まわり道が好きや、時間をかけること、それ自体が好きや。探しものが何かわからないまま、探すことが好きや。
テレビじゃやってない。本にものってない。車に乗ってちゃみつけられない。誰に聞いても教えてくれない。
気まぐれのナントナクで決めた毎日が、好きや。
信念や粘り強さなんて、けったくそもないさ。
それでも、わたしは生きている。
いま生きている。
人は死にます。いつか死にます。
私も、大切な人も、いつか死にます。
好きなことを、好きなように、好きなだけやりたい。
それはうまくいかない。現実的じゃあないから。
悩みつづけて、それでもそれを好きなように気楽にやってる自分が好きや。
やるなら、いつか、やるやろう。
やりたいように、やるやろう。
やらないなら、やらなかったやろう。
好きでいたい。ずっと、好きでいたい。
ずっと一緒にいたい。
でも自分でいたい。それを手放すことは、無意味だなあ。
でもそしたら、かなわない。
だから好きでいつづけるために、
かなわないことを願う ことに したんだな。
叶わなかったら、夢はいつまでも夢のままだな。
私はそうなってしまったんだな。
永遠がない ことを知っている。でも、それが欲しい、それをつくりたいと、それは自分のなかでならつくれるんじゃないか、
と、
たぶん思っていて…
壊れてしまったんだ、あの日から。
だから、信じる、なんて馬鹿げた話だ。
見て触れないものを。
疑って疑って疑って、それでもぶれないものを探しつづけた。
人のなかから。自分のなかにも。
探しつづけた。
人は、かわる。
社会も景色も。よくもわるくも。
変わらないものなんてない。
でも、それでも、それでも、それでも。
2011年9月 9日 「吉瀬」
目が見えない
街がにじんで溶けていく。
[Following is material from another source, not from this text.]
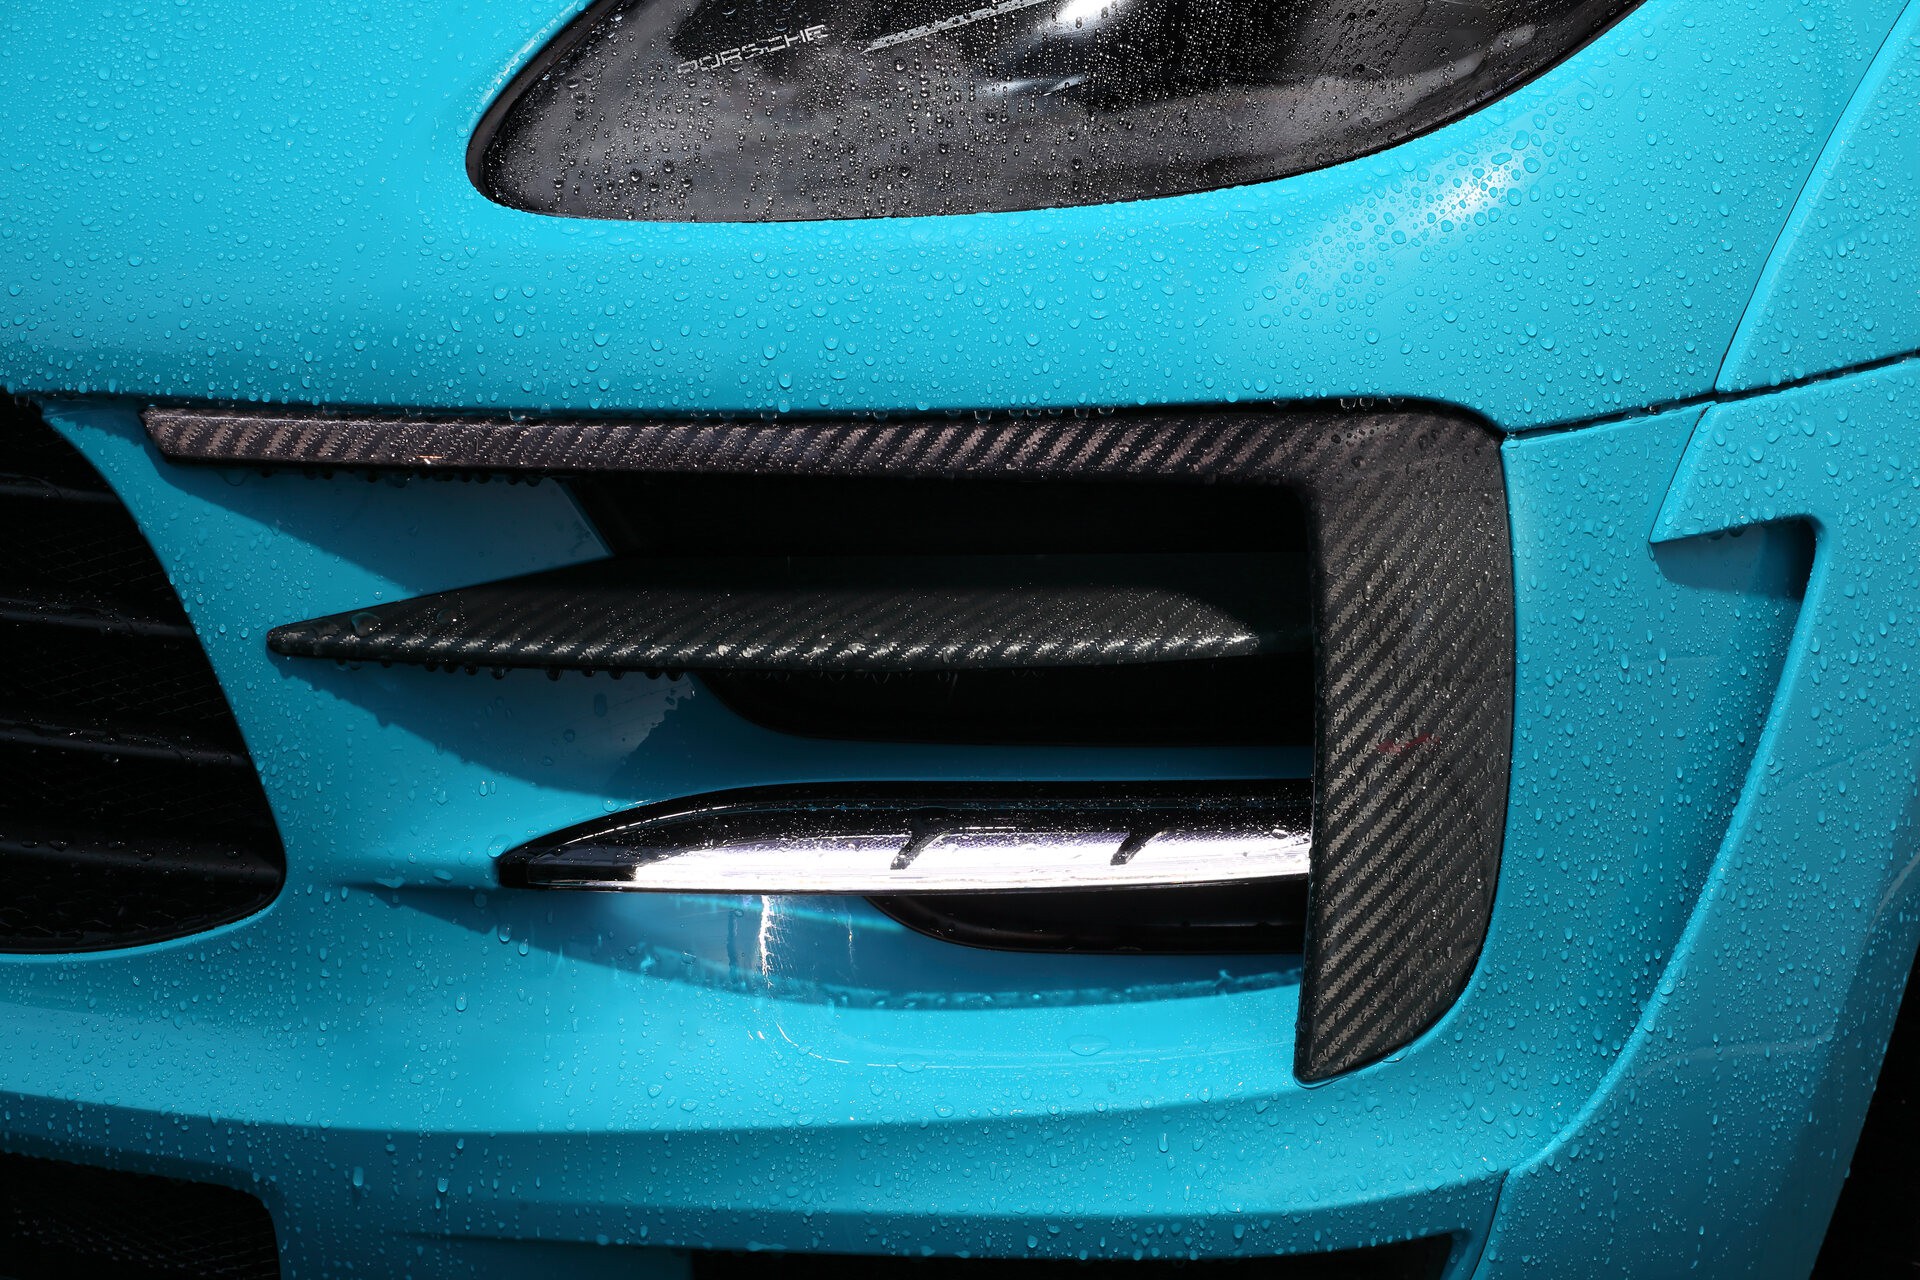 Check our price and buy Topcar Design body kit for Porsche Macan Ursa 2020

私の体は比較的すぐ近くにあるはずなのに、輪郭がない。
秋がきた
この季節が来ると、ふつうに、気が違ってしまいそうになる。
それはごく当たり前にさらりと、ぜんぶをさらっていくようで。
さる 空気に殺される。
でも、生きるっていうのはそういうことなんじゃないかと思う。
常に、空気っていう猛毒に触れながらさあ。
なんて、とんでもない妄想だ
あわてないで目を
とじた。
すぐそこにひそむ、そいつと、目を合わせないように。
そして気がついた
そういえば、合わせる目をいま、私は持っていない。
だのに、どうして。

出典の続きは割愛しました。